[Stored items]
:::
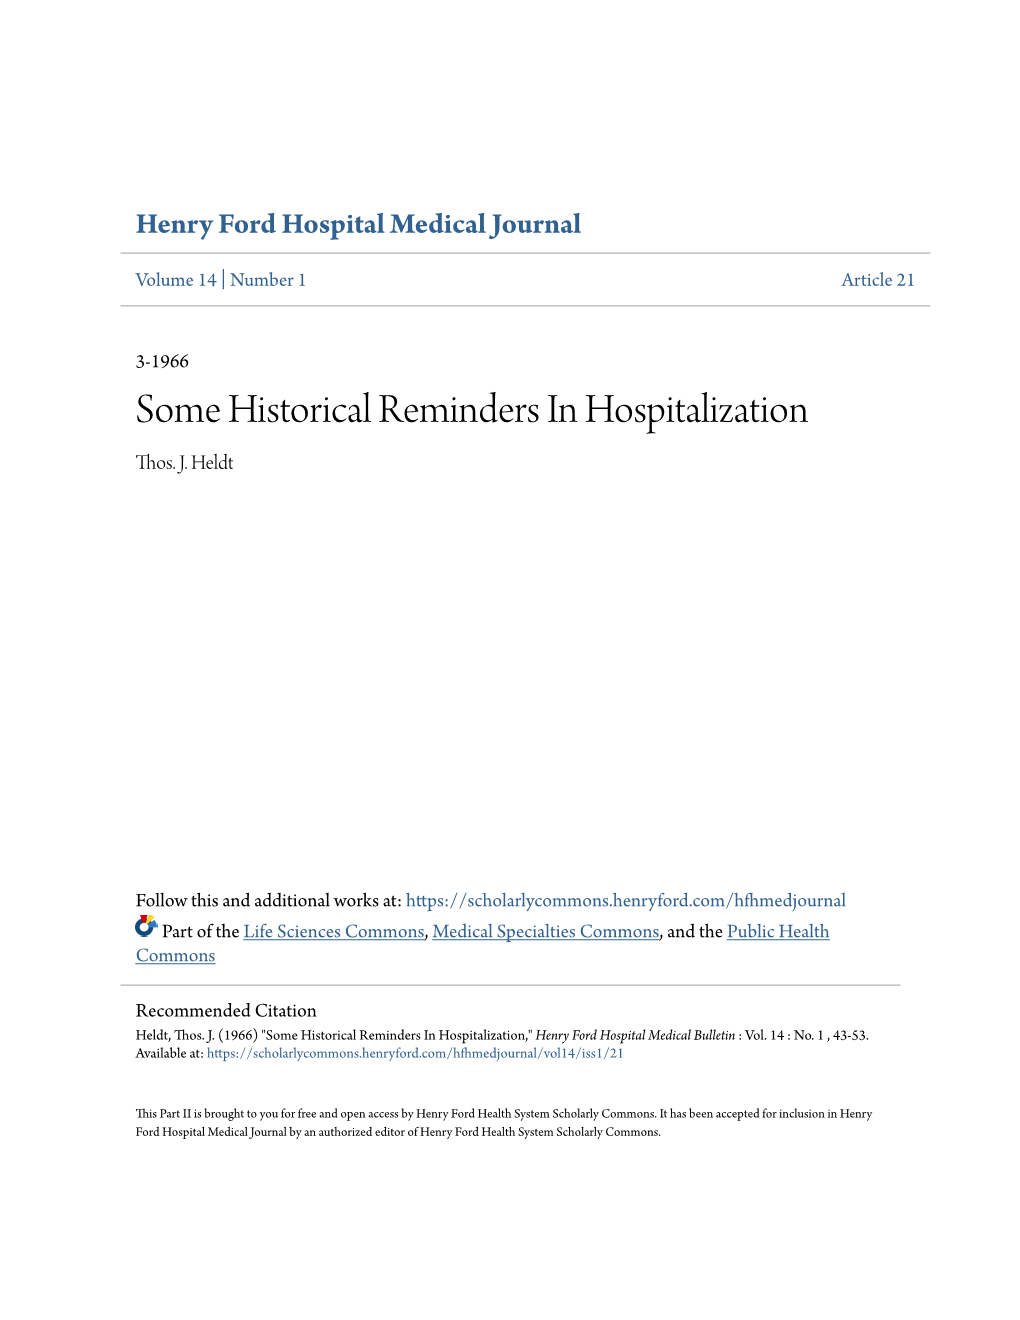 Some Historical Reminders in Hospitalization Thos
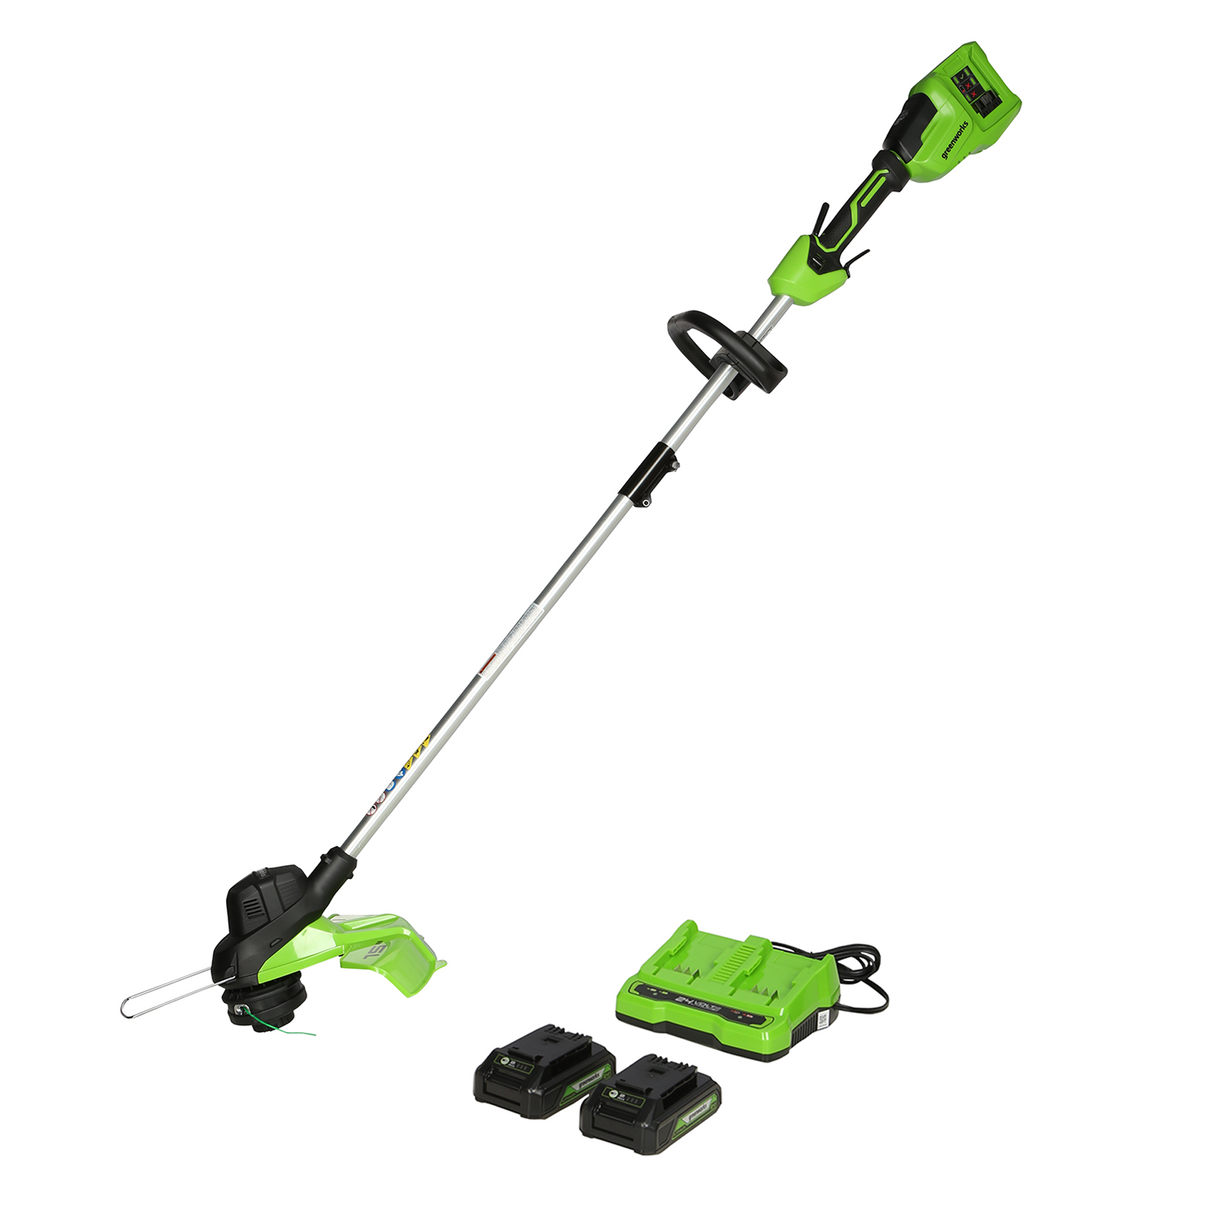 48V (2 x 24V) 15" TORQDRIVE Cordless String Trimmer, (2) 2.0Ah USB Batteries and Dual Port Charger Included
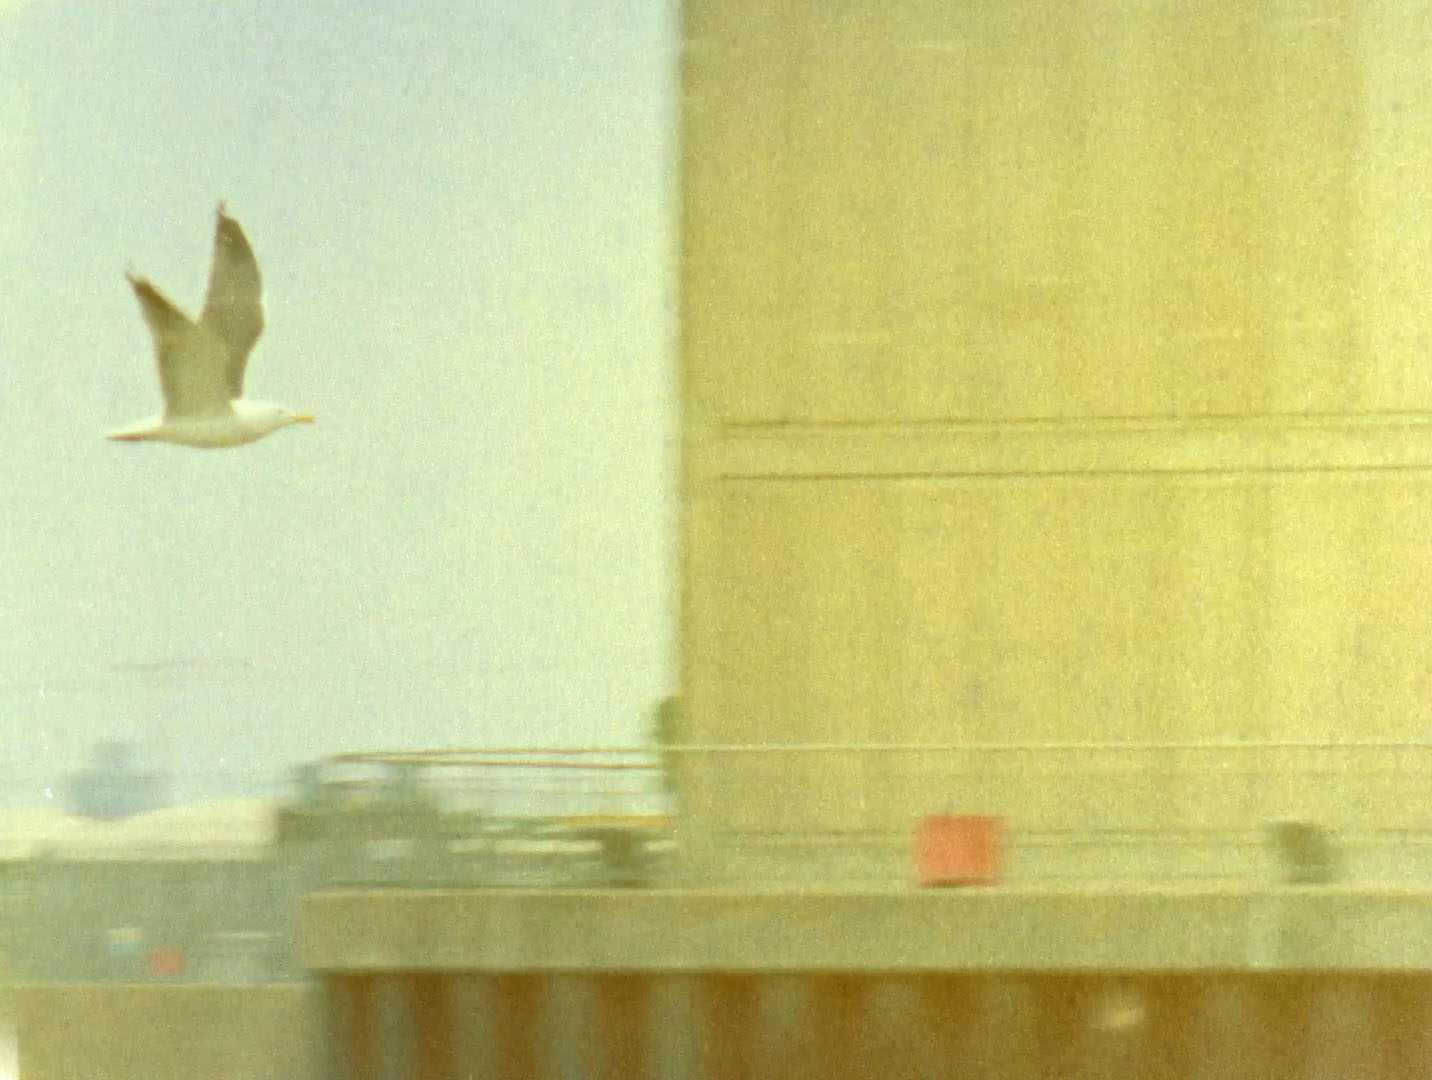 Still from Flood Barrier by Catherine Yass Courtesy of the artist
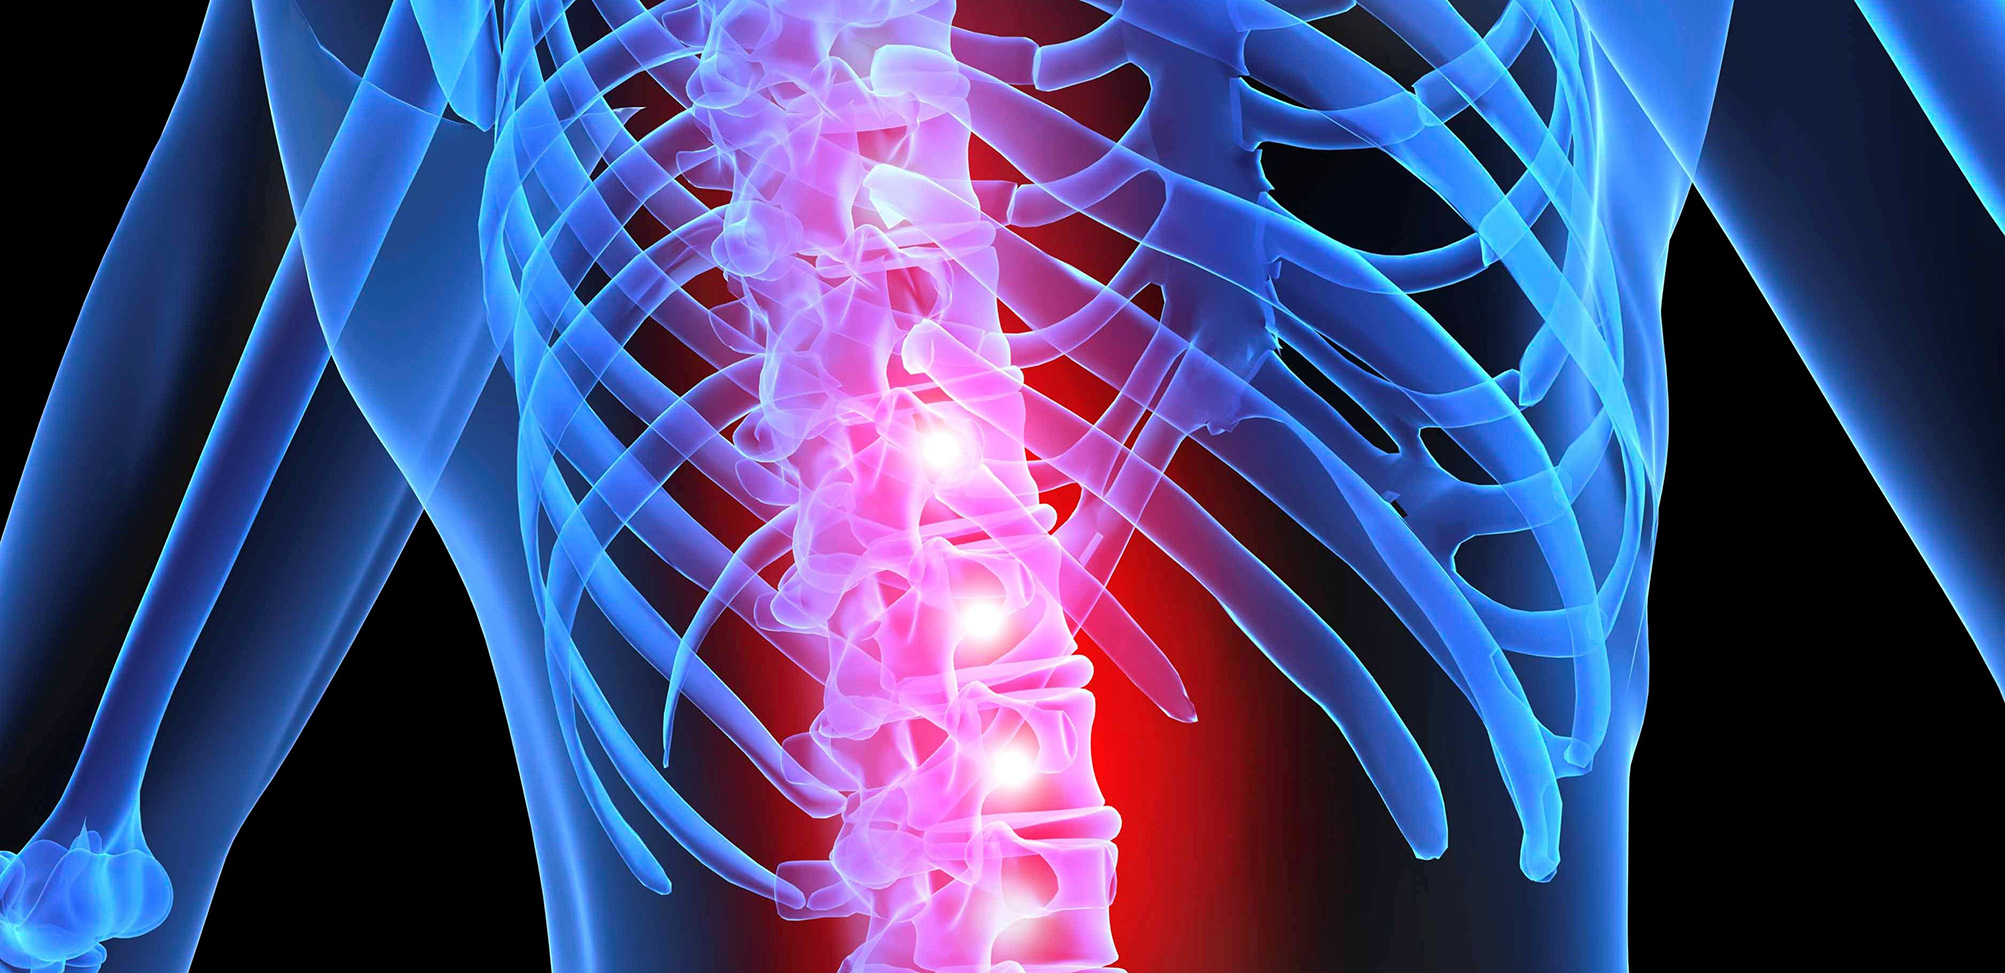 Graphic of skeleton and representation of Spine pain
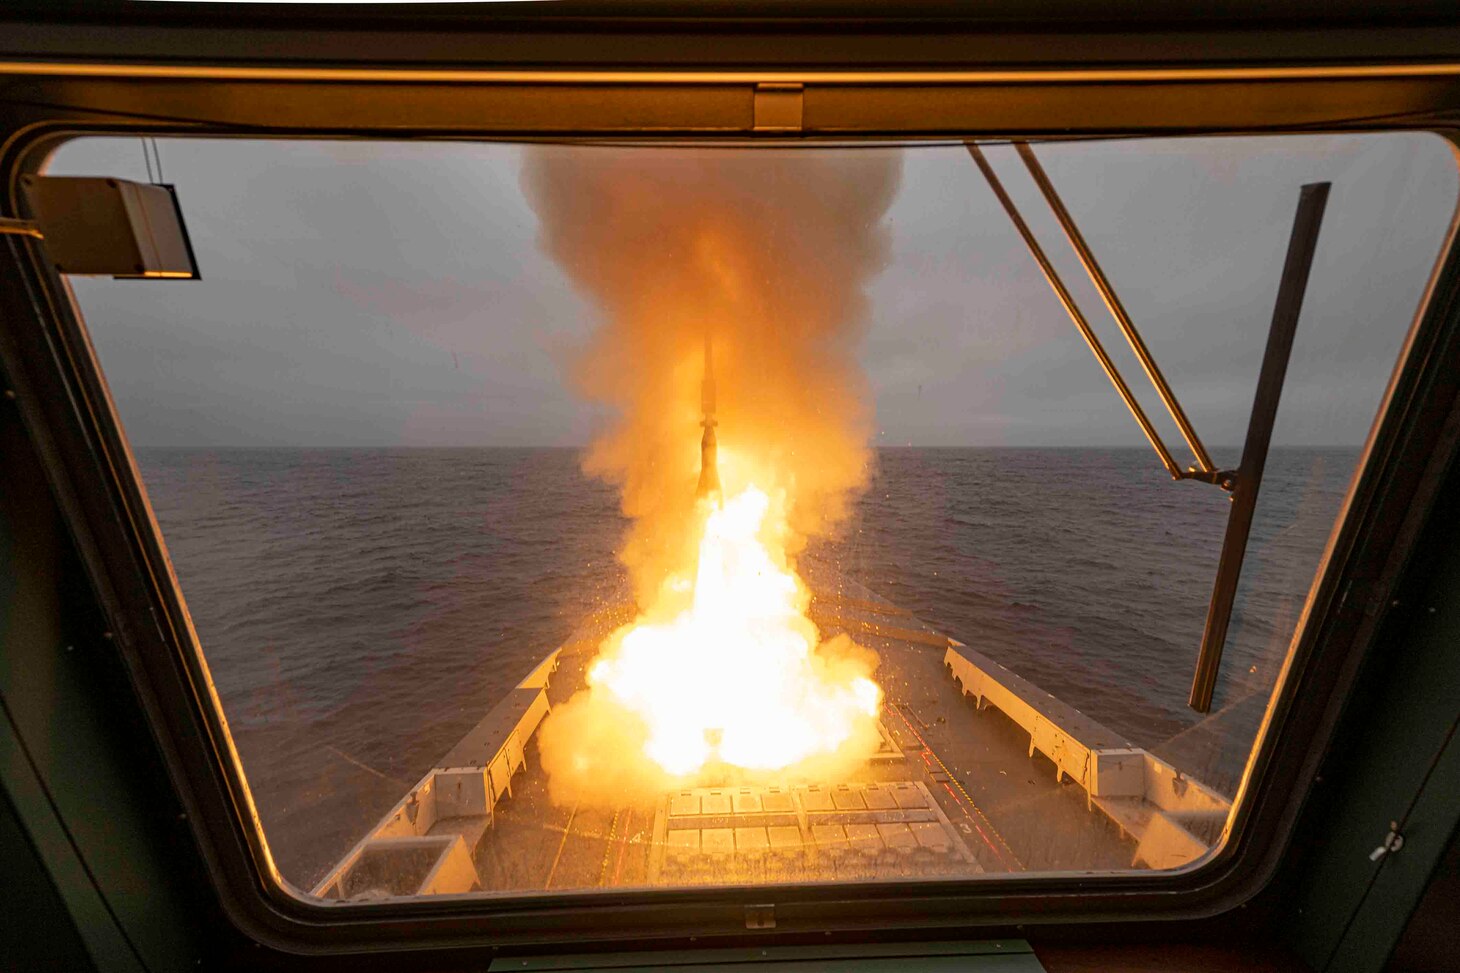 In the image, the firing of the ASTER 30 missile from the FREMM Bretagne.
Combined missile defense exercise Formidable Shield 2023 (FS 23) takes place in the North Atlantic off the coast of Scotland from May 8-26, 2023. Hosted by Commander US Navy 6th Fleet (C6F) and led by NATO (STRIKFORNATO – SFN). This training takes place within the framework of the Maritime Theater Missile Defense (MTMD1) forum.
Ten nations are taking part in the exercise. France is contributing to this by committing two first-class frigate this year: the air defense frigate (FDA) Chevalier Paul and the multi-mission frigate (FREMM) Bretagne. (French Navy courtesy photo)
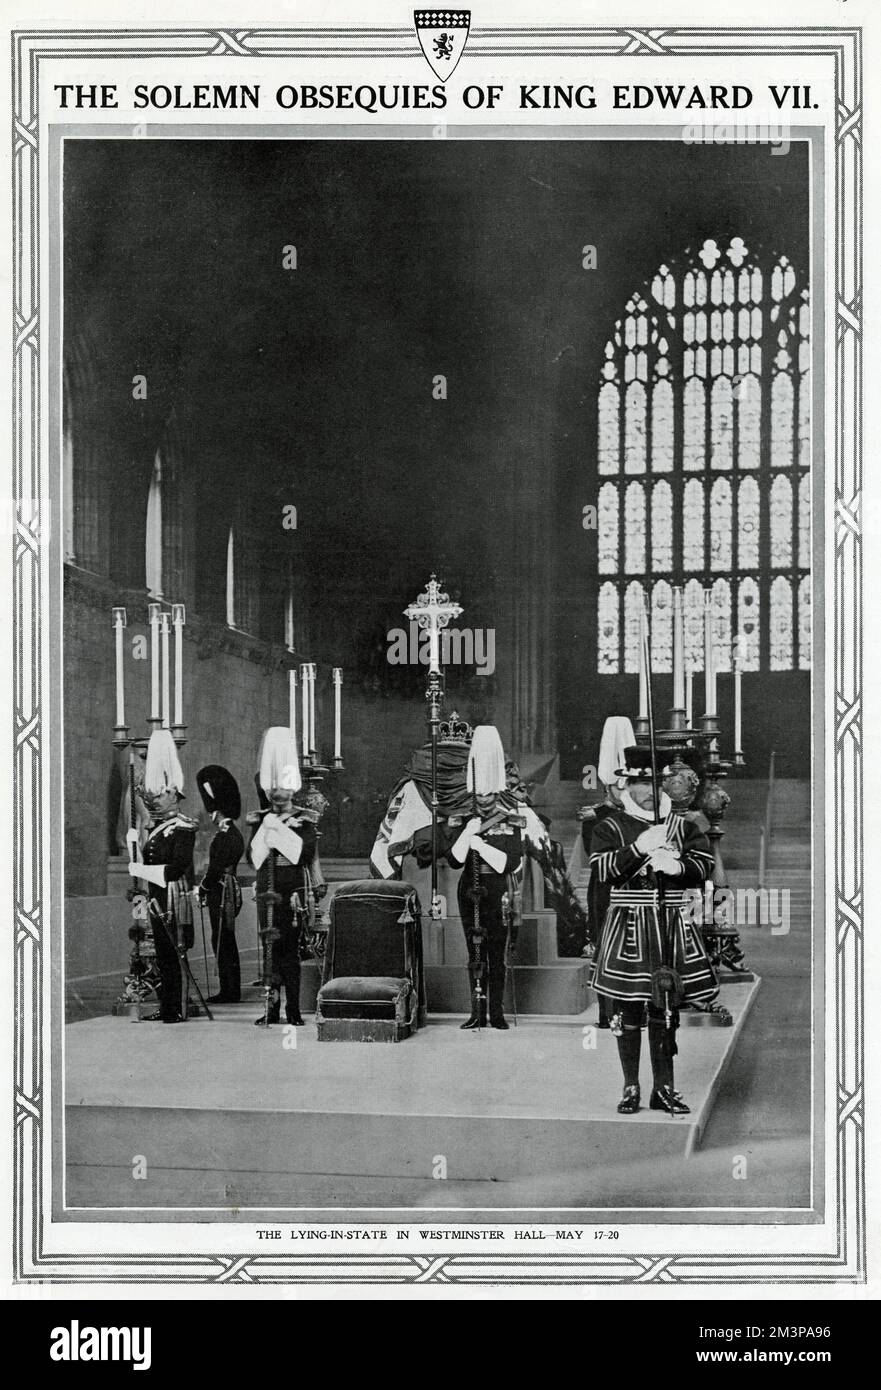 A very brief illness ended the life of Edward VII, who passed away on 6 May 1910, at the age of 69. The King's body lay-in-state in Westminister Hall, guarded by officers of the Household troops, Gentlemen-at-Arms and Yeomen of the Guard.  17 - 20 May 1910 Stock Photo
:::
> [How to complete this task] Exact copy, no pictures: please print every record above as written.

> [Task result]
 Some Historical Reminders in Hospitalization Thos
 48V (2 x 24V) 15" TORQDRIVE Cordless String Trimmer, (2) 2.0Ah USB Batteries and Dual Port Charger Included
 Still from Flood Barrier by Catherine Yass Courtesy of the artist
 Graphic of skeleton and representation of Spine pain
 In the image, the firing of the ASTER 30 missile from the FREMM Bretagne.
Combined missile defense exercise Formidable Shield 2023 (FS 23) takes place in the North Atlantic off the coast of Scotland from May 8-26, 2023. Hosted by Commander US Navy 6th Fleet (C6F) and led by NATO (STRIKFORNATO – SFN). This training takes place within the framework of the Maritime Theater Missile Defense (MTMD1) forum.
Ten nations are taking part in the exercise. France is contributing to this by committing two first-class frigate this year: the air defense frigate (FDA) Chevalier Paul and the multi-mission frigate (FREMM) Bretagne. (French Navy courtesy photo)
 A very brief illness ended the life of Edward VII, who passed away on 6 May 1910, at the age of 69. The King's body lay-in-state in Westminister Hall, guarded by officers of the Household troops, Gentlemen-at-Arms and Yeomen of the Guard.  17 - 20 May 1910 Stock Photo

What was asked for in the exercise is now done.